▸ **Collected material**
=== Begin Enclosure ===

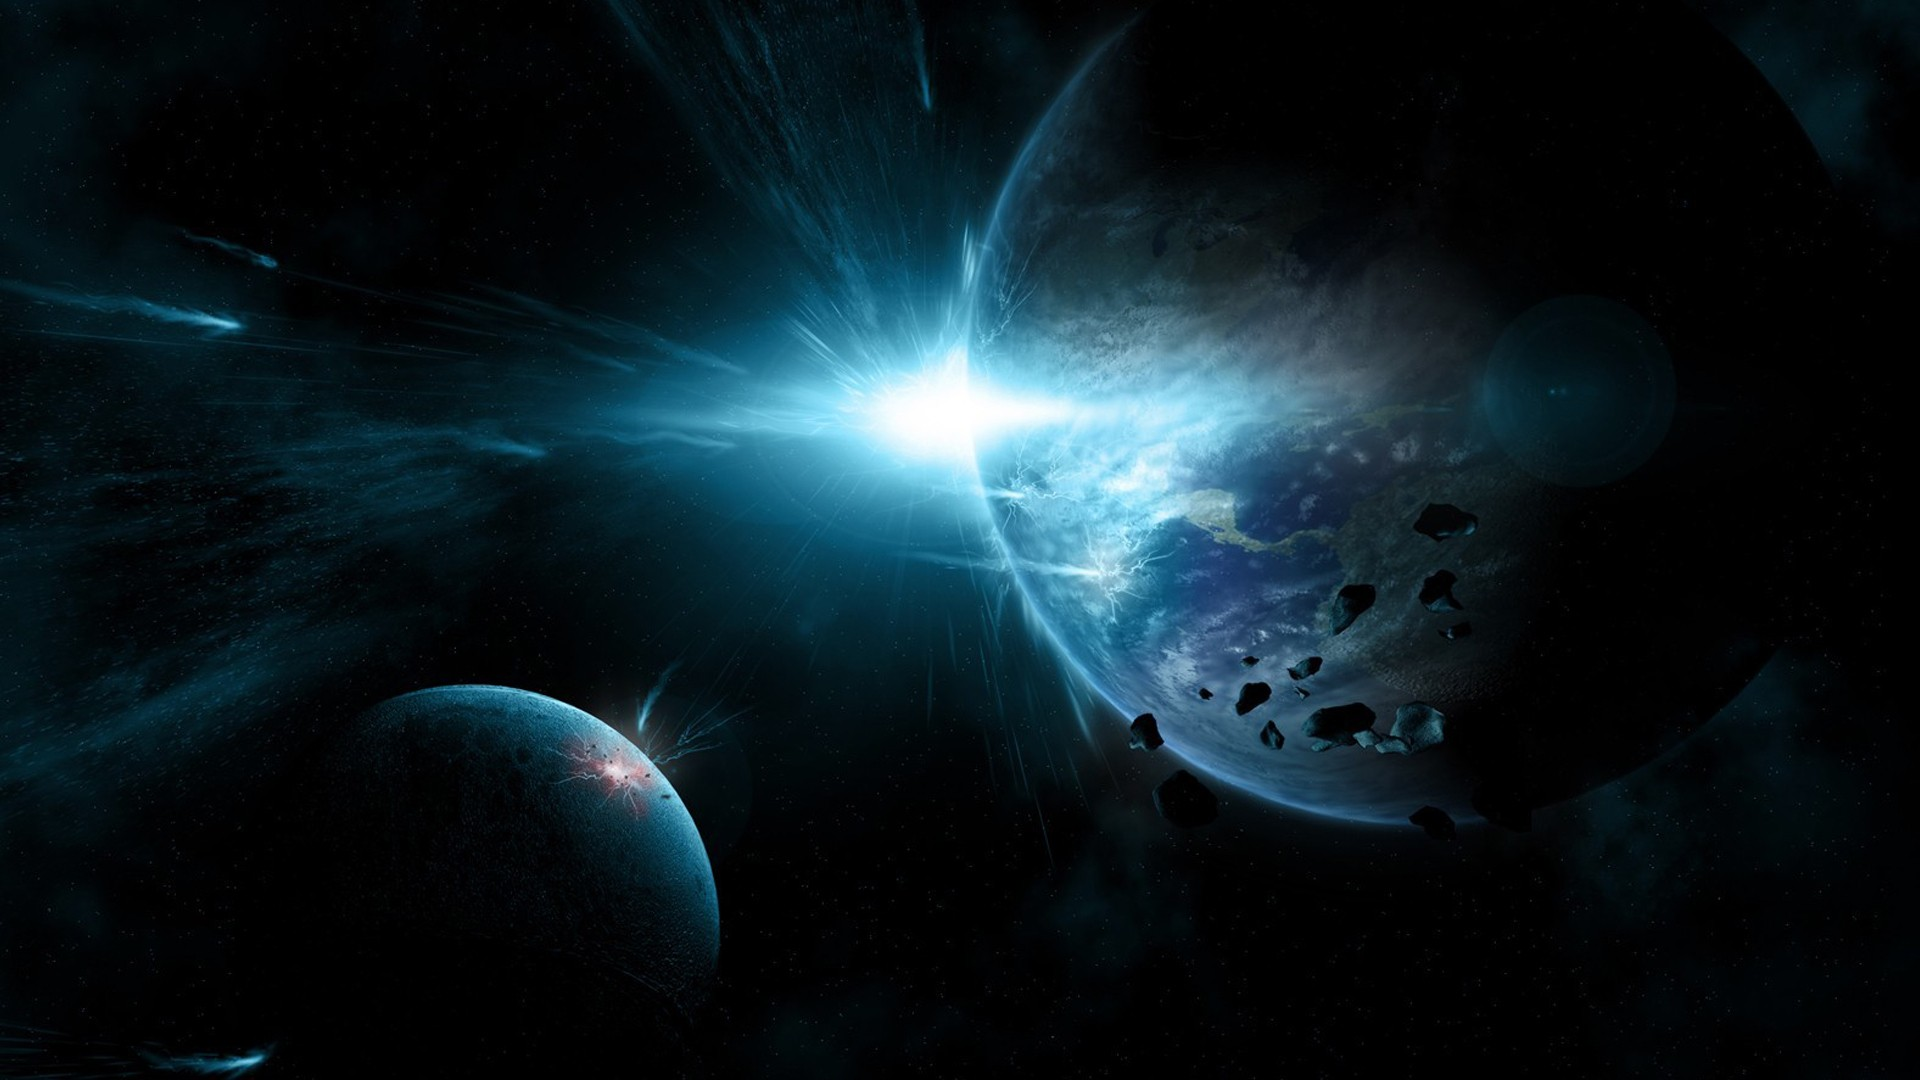 Fantasy Art Planets
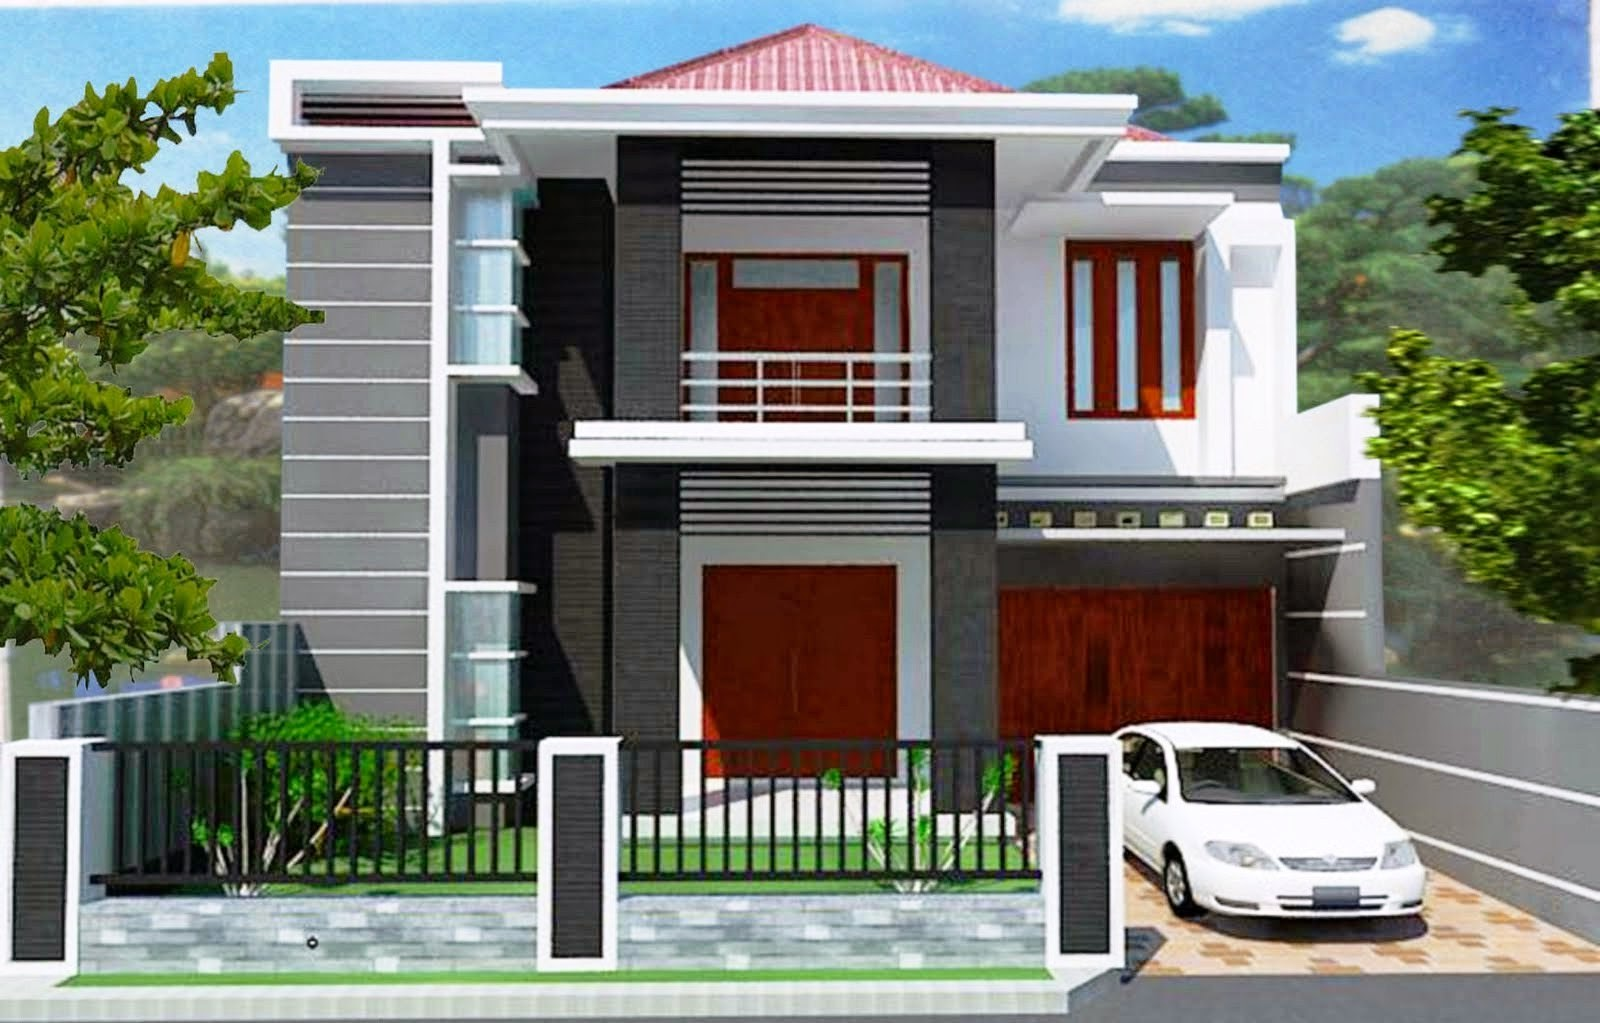 46+ Gambar Rumah Bertingkat Semi Permanen HD Terbaru
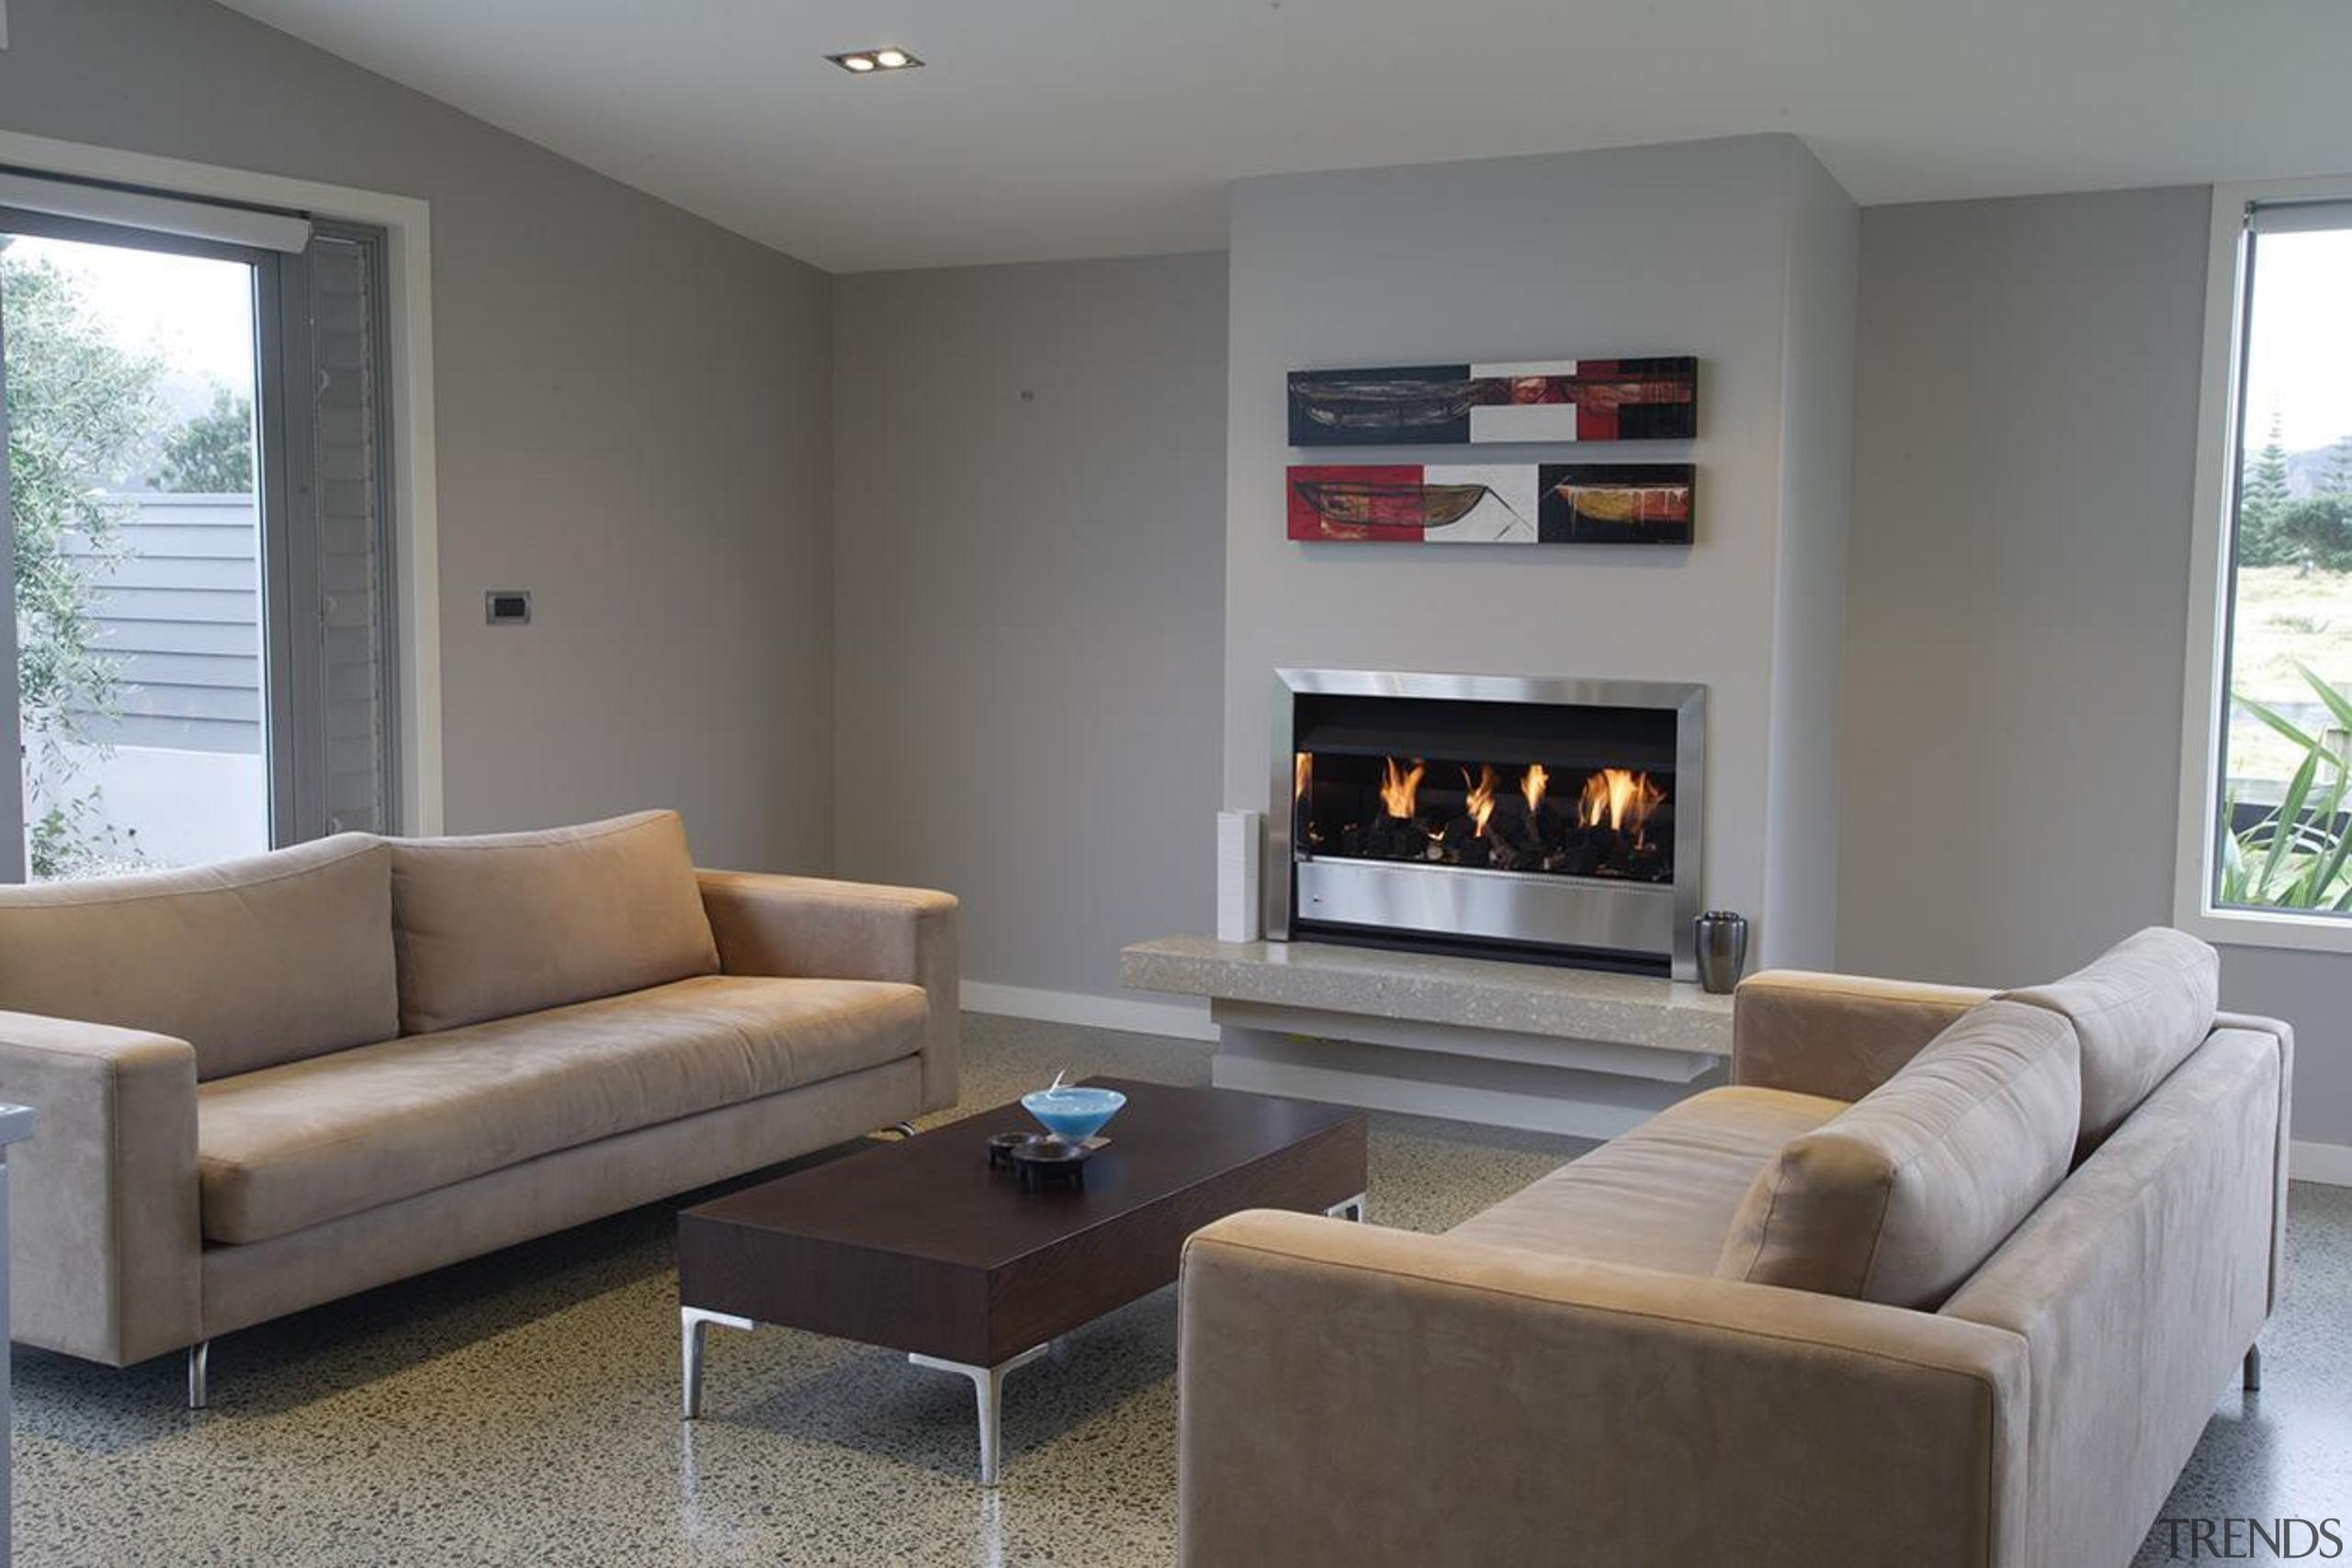 For more information, please visit www.gjgardner.co.nz fireplace, floor, flooring, hearth, interior design, living room, real estate, room, gray
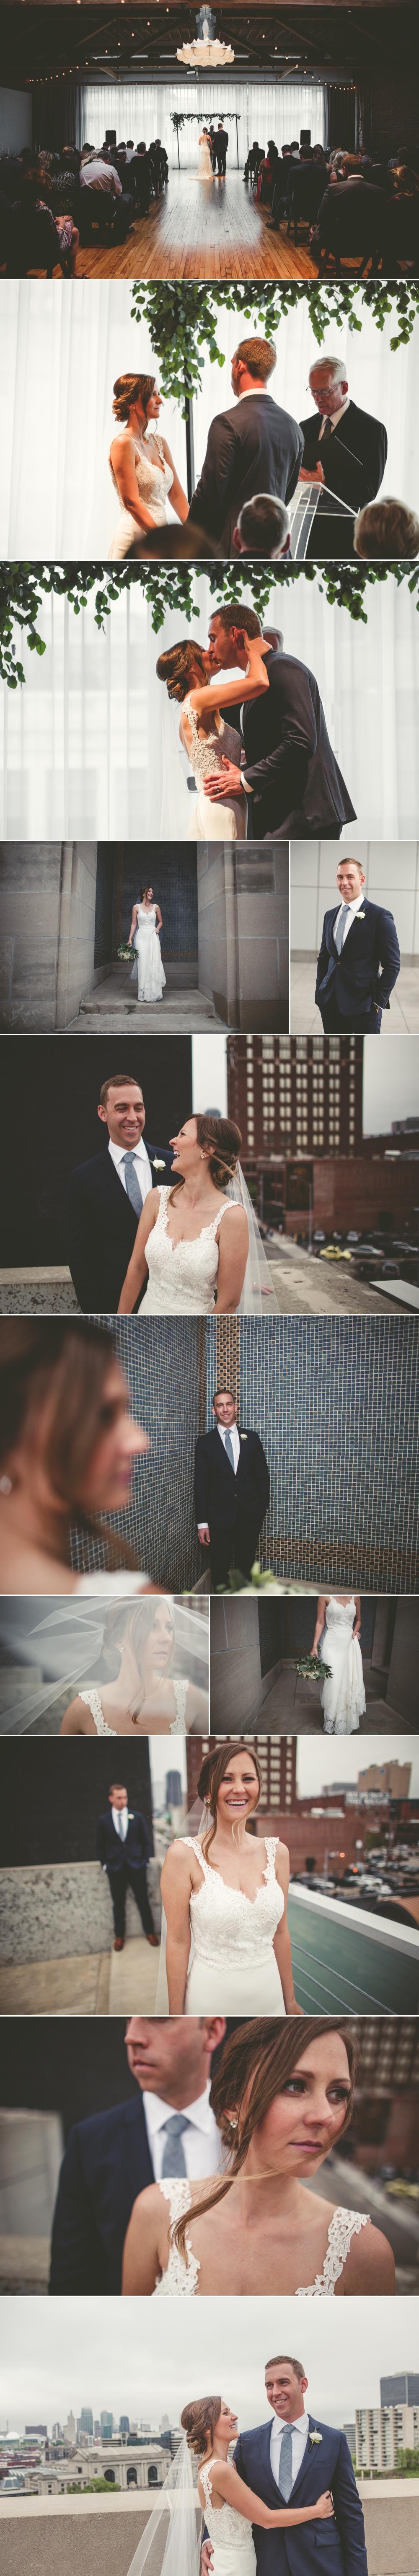 jason_domingues_photography_best_kansas_city_wedding_photographer_kc_weddings_berg_0002.jpg

=== End Enclosure ===

▸ **Goal of the exercise**
Retype the data word for word and keep the pictures out of it.

▸ **Answer below**
 Fantasy Art Planets
 46+ Gambar Rumah Bertingkat Semi Permanen HD Terbaru
 For more information, please visit www.gjgardner.co.nz fireplace, floor, flooring, hearth, interior design, living room, real estate, room, gray
 jason_domingues_photography_best_kansas_city_wedding_photographer_kc_weddings_berg_0002.jpg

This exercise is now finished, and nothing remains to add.